Разве то, что мудры и Бог и человек, делает ясным, почему Бог людей несравненно и бесконечно мудрее человека? Как же могло Солнце милостиво наделить человека разумением бесконечно более высоким, чем собственное, если бы была вся душа его была лишь дуновением, рождённым Солнцем?.. У животных мыслей самого возвышенного характера совсем мало – это явственно видно – потому что именно из этих размышлений и возникает знание о бесконечном Боге, кому посвящаются и жертвоприношения, и храмы, и священные учения, которых у животных бессловесных и в помине нет. И пусть одни звери Луне поклоняются, другие – Солнцу, а третьи – чему-то ещё, о чём напоминают нам слоны и петухи[51], но религию свою они не простирают до бесконечного Бога. И тем не менее, не немыслимо это – чтобы в душе у пчёл и животных общественных (gregalibus)[52] пребывало смутное знание о божестве (cognitionem divinatis confusam).
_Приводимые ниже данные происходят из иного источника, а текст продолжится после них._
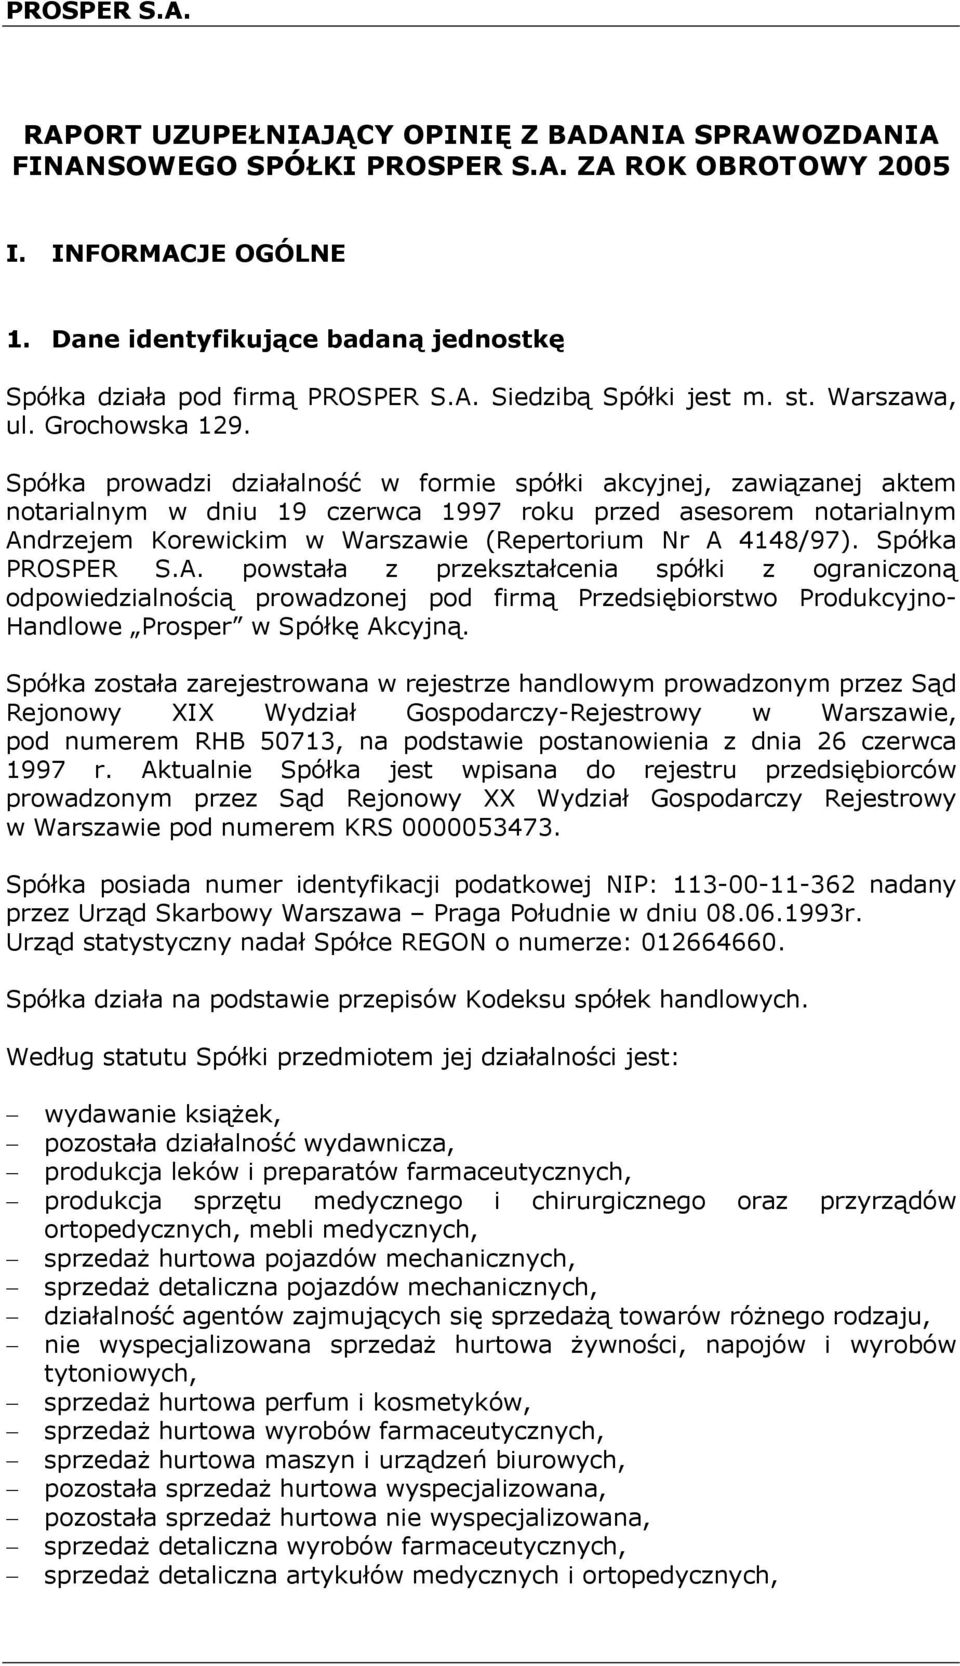 Spółka prowadzi działalność w formie spółki akcyjnej, zawiązanej aktem notarialnym w dniu 19 czerwca 1997 roku przed asesorem notarialnym Andrzejem Korewickim w Warszawie (Repertorium Nr A 4148/97).

Ведь все существа стремятся к благу, смутно же все к первоблагу стремятся, высшее благо глубоко в душе чуют (persentiunt). В людях же эта наука о бесконечном столь явлена и делами их и чудесами [божественными], что открыта всякому взору. <…>
Для всех людей без исключения естественно присущей является религия, ведь когда попадают в неблагоприятные или благоприятные обстоятельства, сразу же глаза они поднимают вверх, в небеса, чтобы или помощи испросить или хвалу воздать. Оттого и введены в оборот жертвоприношения и молитвы, но у разных народов по-разному – таково различие стран и воззрений людей на предметы божественные. Заблуждения же присущи различным способам [богопочитания], но не самому предмету, ведь все [народы] думают, что именно они Богу верно поклоняются. Это знак того, что общается человек с сущностями высшего порядка. Отрицая истории о делах священных, человек отрицанию подвергает самого себя. Если не видит перед собой Рима и его правителя, и иных чудес, наблюдаемых в Новом Свете, то тоже их отрицать дерзновенно будет?!
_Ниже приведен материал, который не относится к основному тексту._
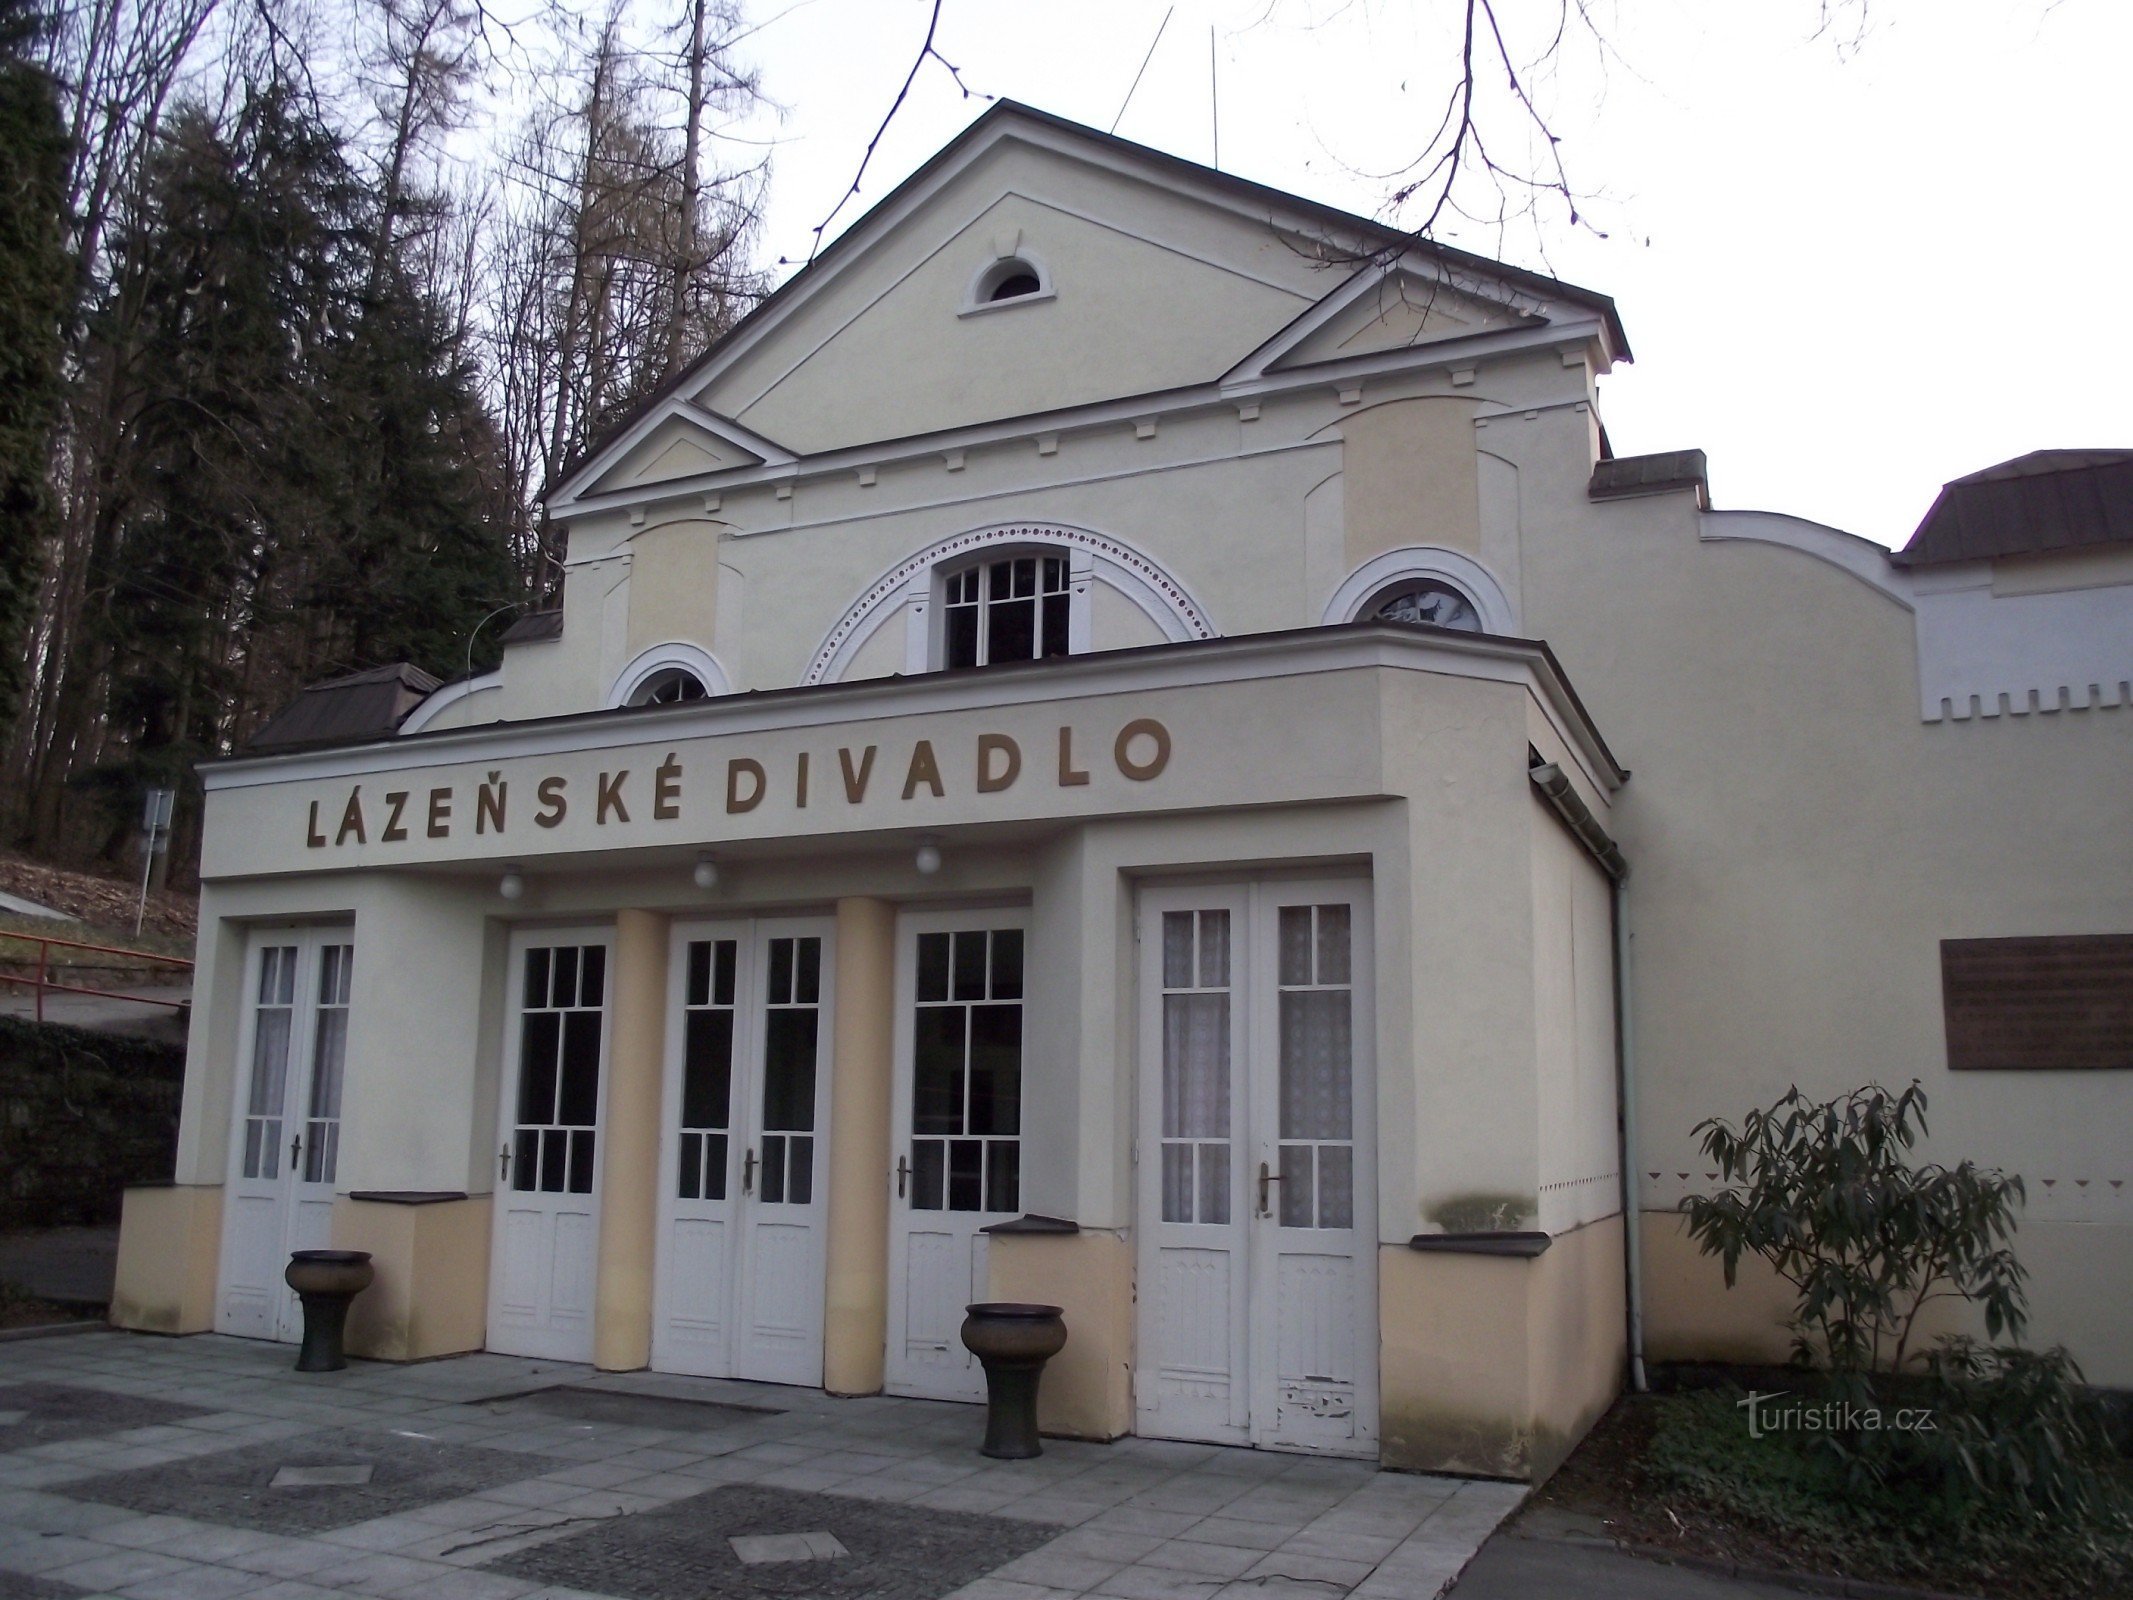 Luhačovice – Spa-teater

Кроме того, нет вещи, природа которой устремлена была бы на предметы, ей не присущие, все они предпринимают усилия, чтобы оставаться в пределах жизни наличной. Человек же жизнью, которая сейчас есть, не удовлетворяется, помышляя о другой и все силы отдавая её поискам, претерпевая страдания, дабы её познать[53]. Любопытство самое напрасное и бесполезное, должна была, получается, природа человеку подарить, раз жизнь [бестелесная], которой он с таким трудом добивается – жизнь эта ему после смерти не надлежит! Но природа не делает ничего зря, а остальные живые существа не наделяет милостиво желаниями такими предельными. Получается, что существа, стоящие ниже, находятся в лучших условиях…
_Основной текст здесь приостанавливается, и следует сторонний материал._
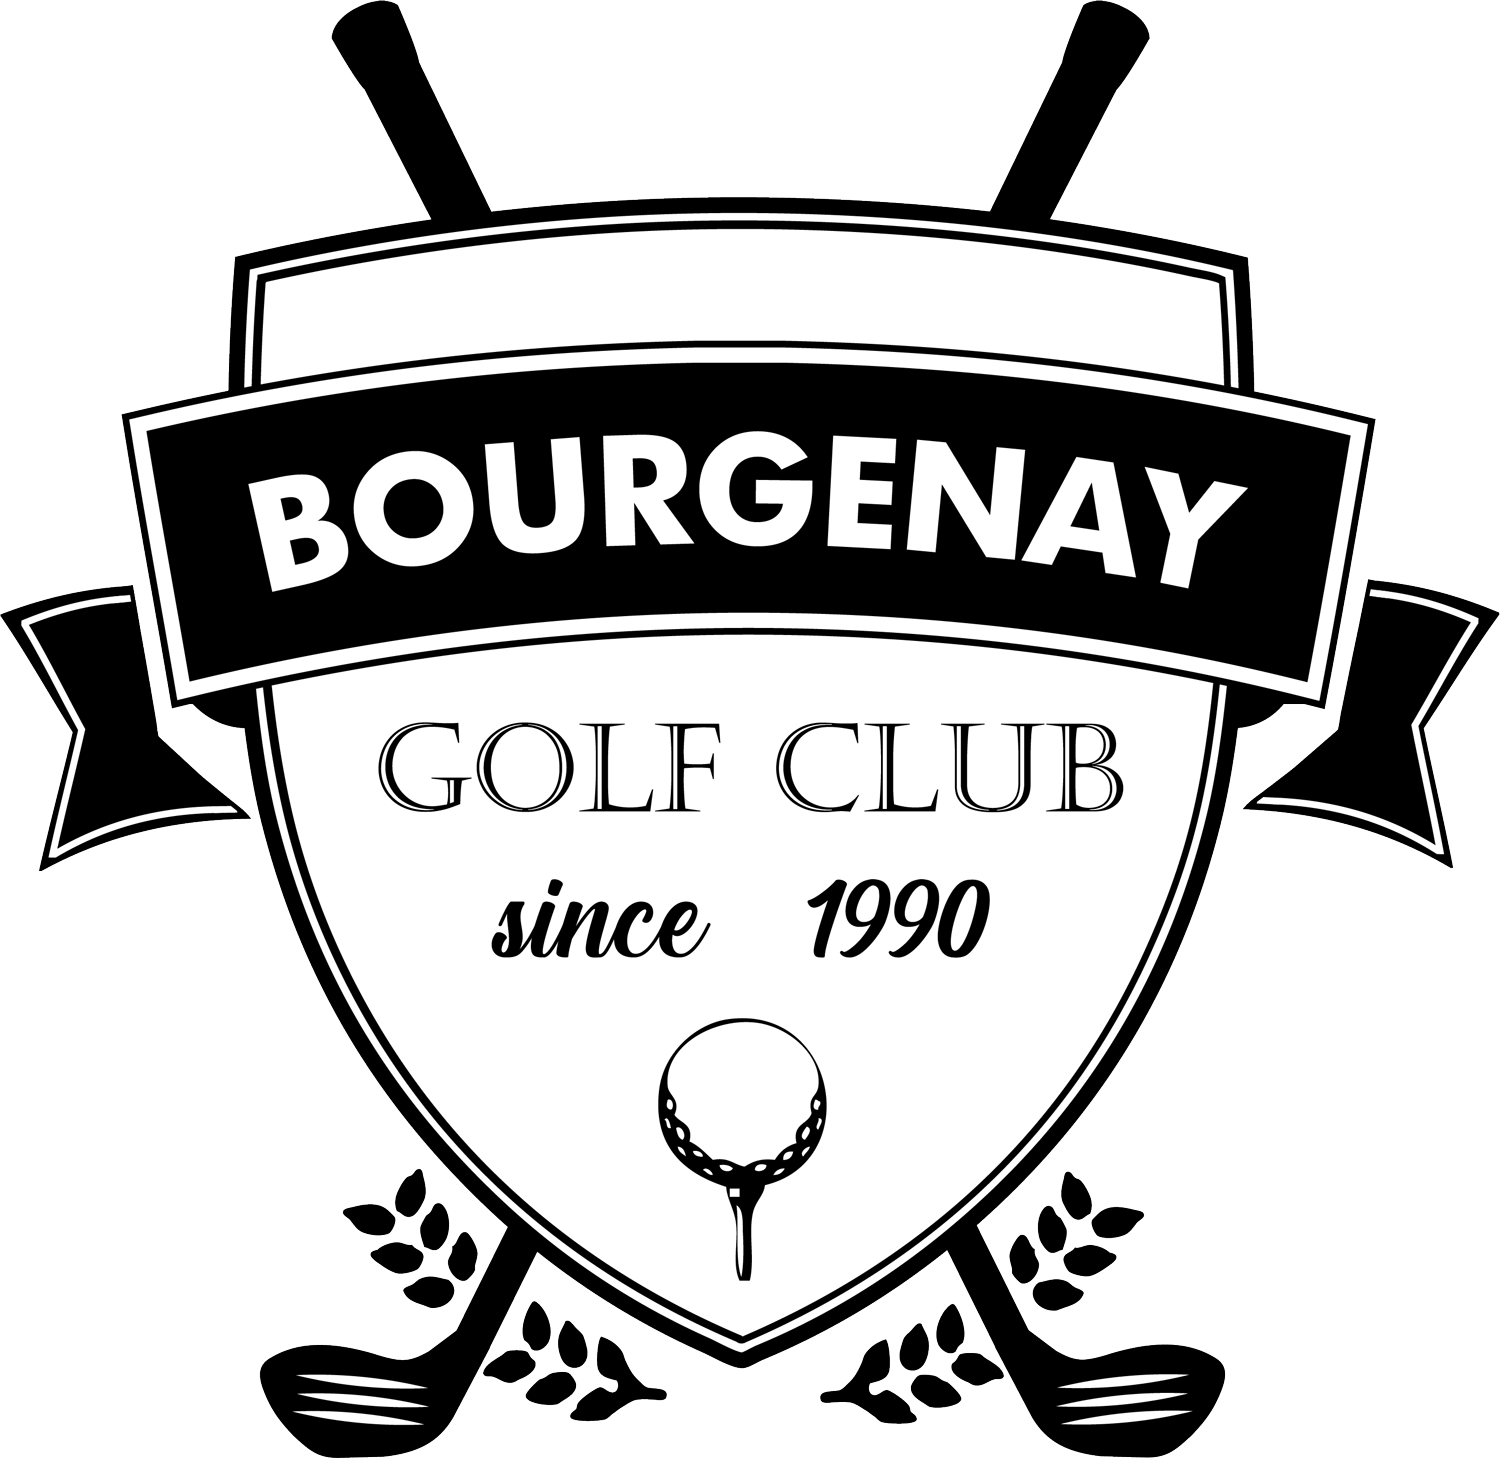 Bourgenay golf club

Конца нет желаниям человека – мало ему одной добычи, одной компании, одного царства, одного мира. Горевал Александр Македонский, что может перенестись в другие миры, демокритовы, чтобы и их завоевать[54]. Ненасытности такой нет ни у кого, и знаменует она, что предметом её и является сама беспредельность. Да, всё сжигает огонь, и всякое бытие бесконечно желает жизни – видно, что пламенем и рождена в нас эта ненасытность – но это всего лишь явственный след в живых вещах бесконечного Бога, а в человеке перст указующий на то, что есть в нём образ и сила высшей божественной пробы (divinissimam). [Если бы не это начало], разве стал бы человек силы тратить на желания неутолимые, тогда как животным хватает одного корма, чтобы насытиться и одной самки для продолжения рода? Им не нужно больше, хотя жар их больше людского, как у страуса или льва[55]. Если жар [Солнца] является причиной «недуга» [ненасытности], то должны бы эти звери с усердием больше человеческого искать вечности и божественности!